Wednesday, March 07, 2007

Russell Jones Is Dead

Rusty is dead.

I remember the day when Rusty told the boys about joining the military over at the Wild Bucks, we all thought that the alcohol got to him sooner than we expected that night, since it was only half past eleven. The initial laughter and roaring curses were replaced soon by reality and astonishment, because Rusty really was joining the military.

The boys exchanged glances, remembering the old Rusty that we all knew from the college days, while quietly exchanging looks of distaste for the man that we've all knew for too long, the man who was about to leave us for the greater good. The ignition of a secret bond never spoken across the tables or even after alcohol consumptions, was triggered only by the eventual departure of one of ours. How hypocritical this world is, and it's not like I am spared from that comment either.

It has been six years since that fateful night at the bar, and to tell you truth, during the funeral nobody shed a single tear. Except for that Tracy McCellan, Rusty's college sweetheart - my college sweetheart, too. We were all there and took turns to say our last goodbyes, but at the stone cold body of Rusty's, not a single word of farewell was said with absolute truth and honesty, as we later found out and laughed about it.

He was lucky enough to have his body delivered back from Iraq, and not like some of the people we've seen on the news, where they filled coffins with photographs and roses. He didn't deserve the nation's flag over his coffin, and certainly wasn't worth the tears of Tracy McCellan. To be dead in one piece was good enough for him, and to know that he didn't die from any battles but alcohol overdose was even more ridiculous to the people at the funeral.

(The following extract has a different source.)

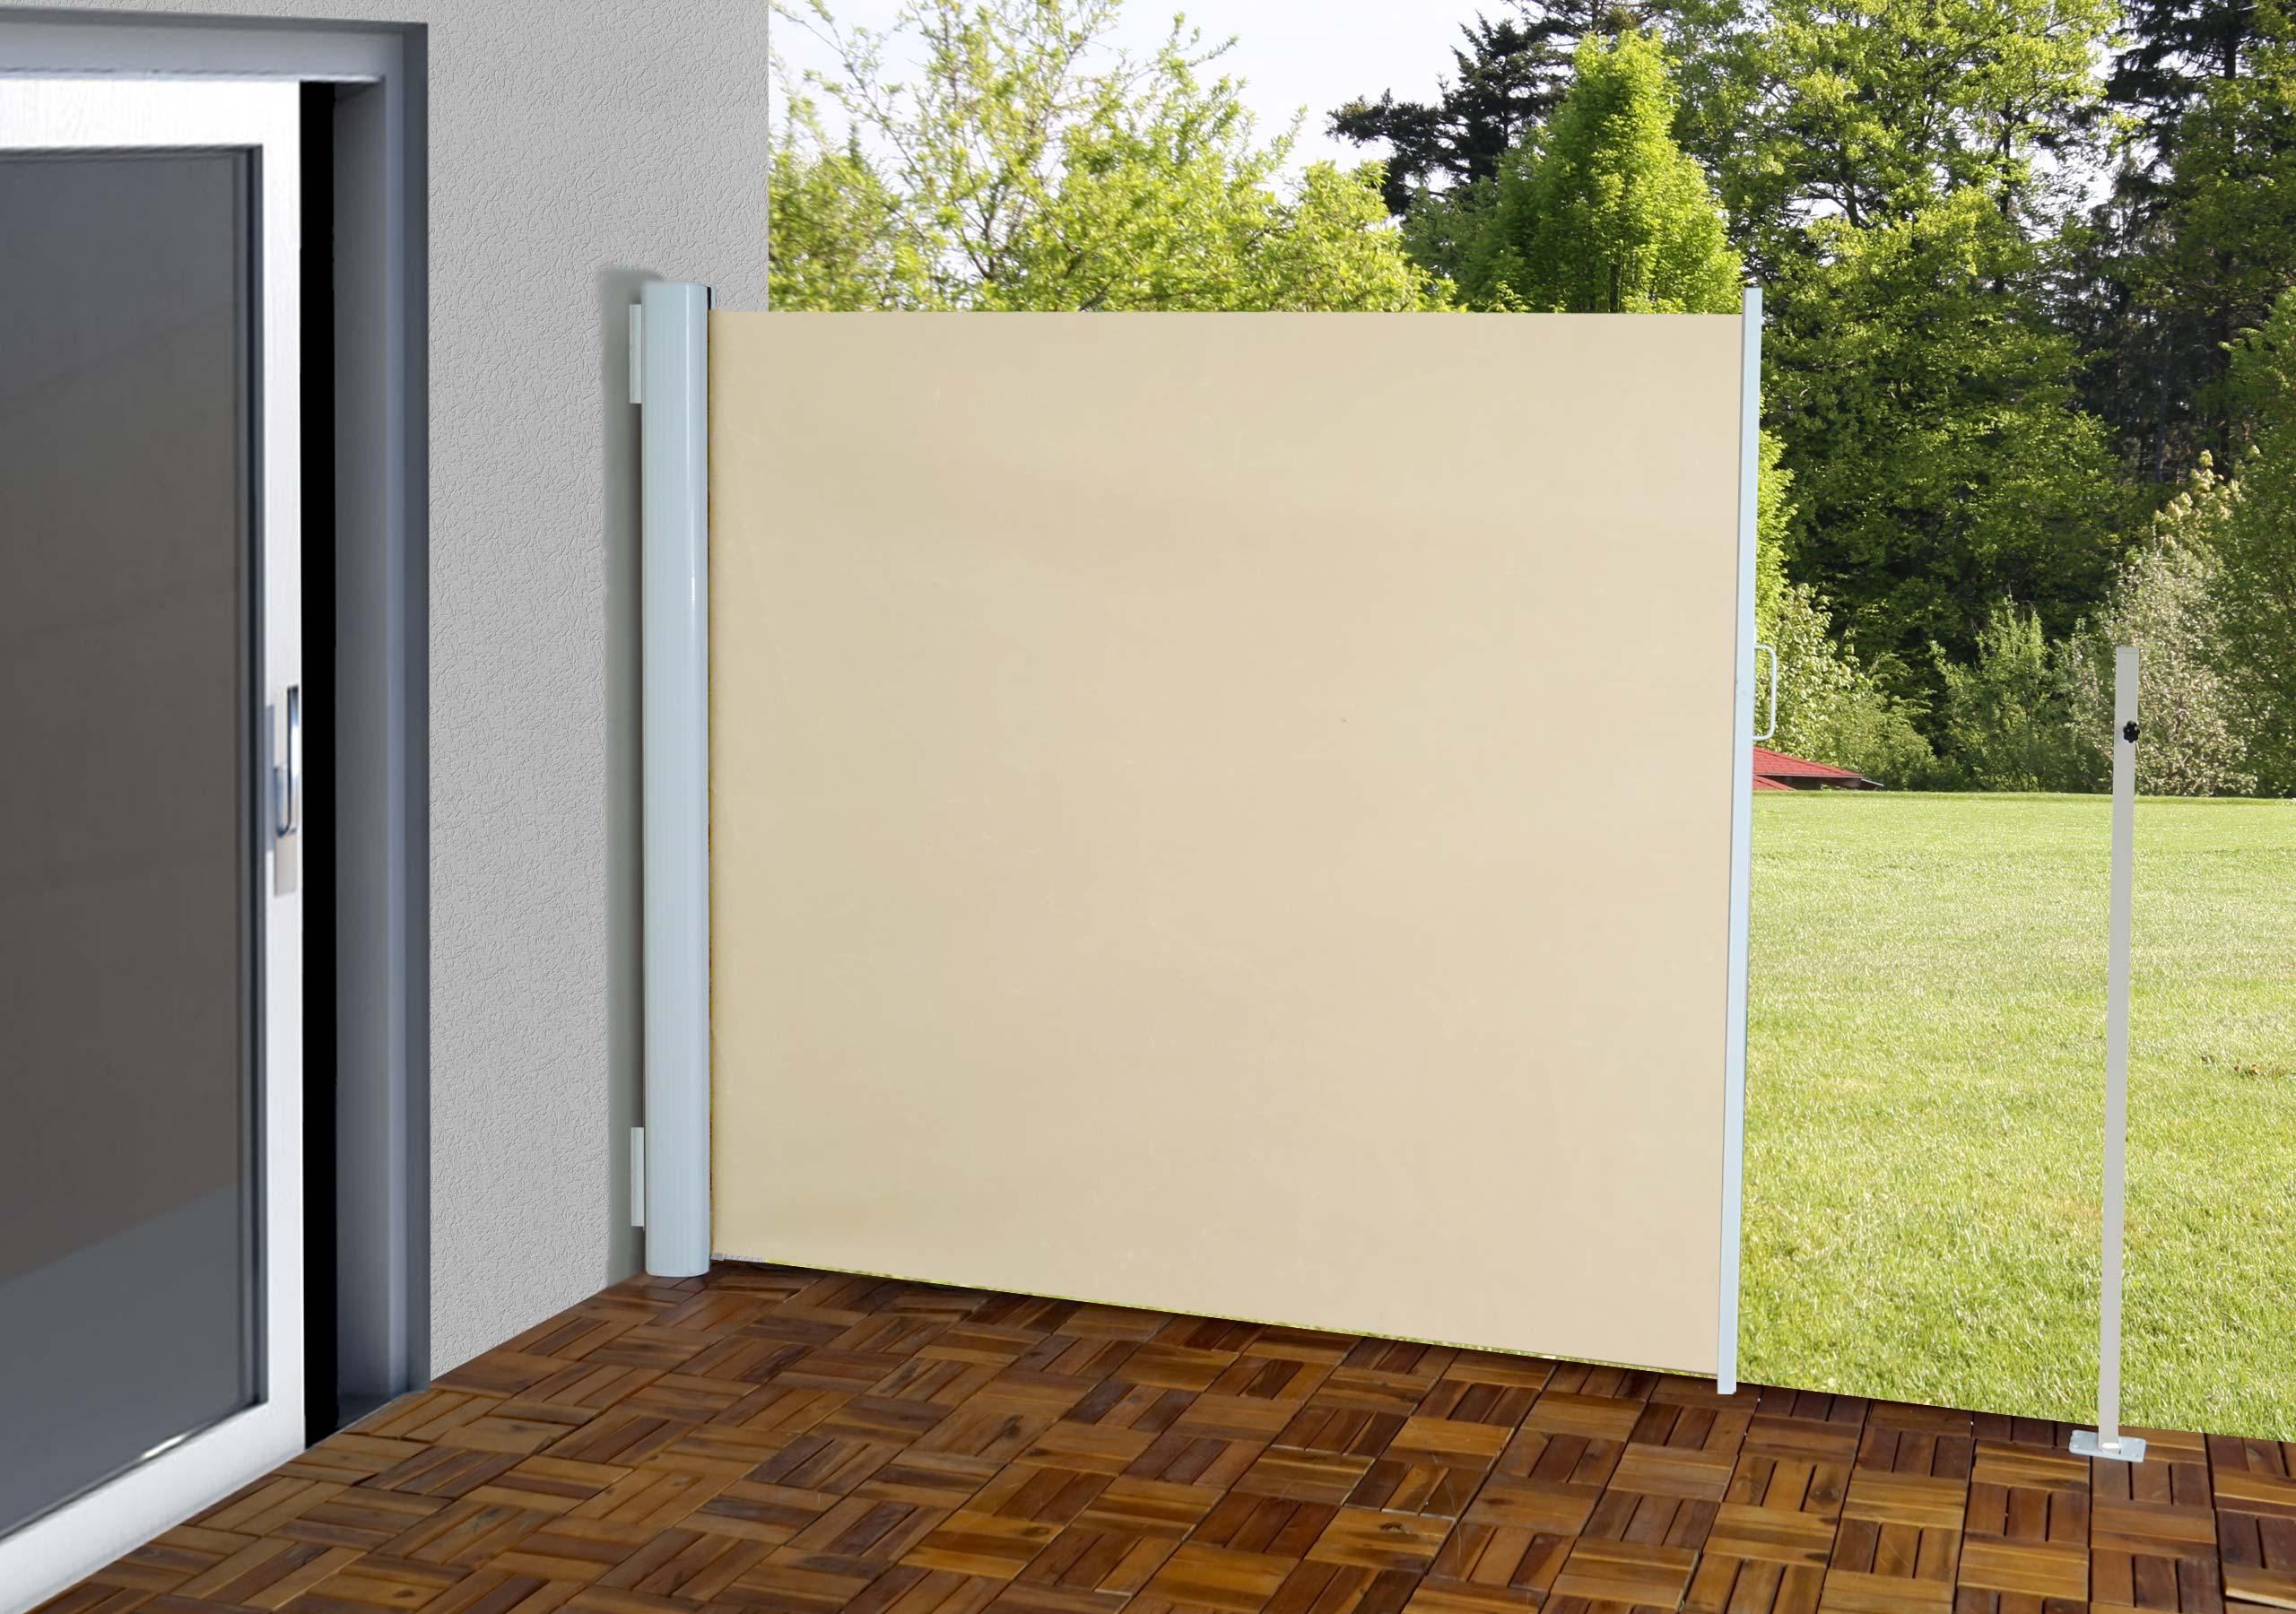 seitenmarkise t140 sichtschutz sonnenschutz windschutz alu 1 6x3m oder 1 8x3m. Black Bedroom Furniture Sets. Home Design Ideas

We all knew and harbored the smirk that was threatening to show on our faces. But his parents were there, and so were his other relatives who attended. His wife Kelly was right next to me, with their two kids, Marvin and Gayle. So deep into my mind I buried the smirk, and hopefully nobody noticed my efforts for doing so.

I don't quite remember how Rusty ended up in our gang of brothers at the bar table, and certainly don't remember him ever saying anything good about our government. Politics flared in the dusty air often, and Rusty never backed down about his stand against the administration. Something came over him six years ago perhaps, to join the army and serve the nation. It was probably the egoistical and the hypocritical side of him that took over, the way it did ten years ago when he slept with my girlfriend and got away with it.

Oh, Tracy. She was a good fuck in bed. I remember the first night when she lost her virginity to me, the way her insides felt like silk slippers against my bare skin. We were in the car, by the lake over on the other side of the town one night, and the music was playing softly over the radio, our favorite song from the 80s. Her breasts filled up my hands, firm and compacted at the same time, and I remember wanting to be there for the rest of my living life.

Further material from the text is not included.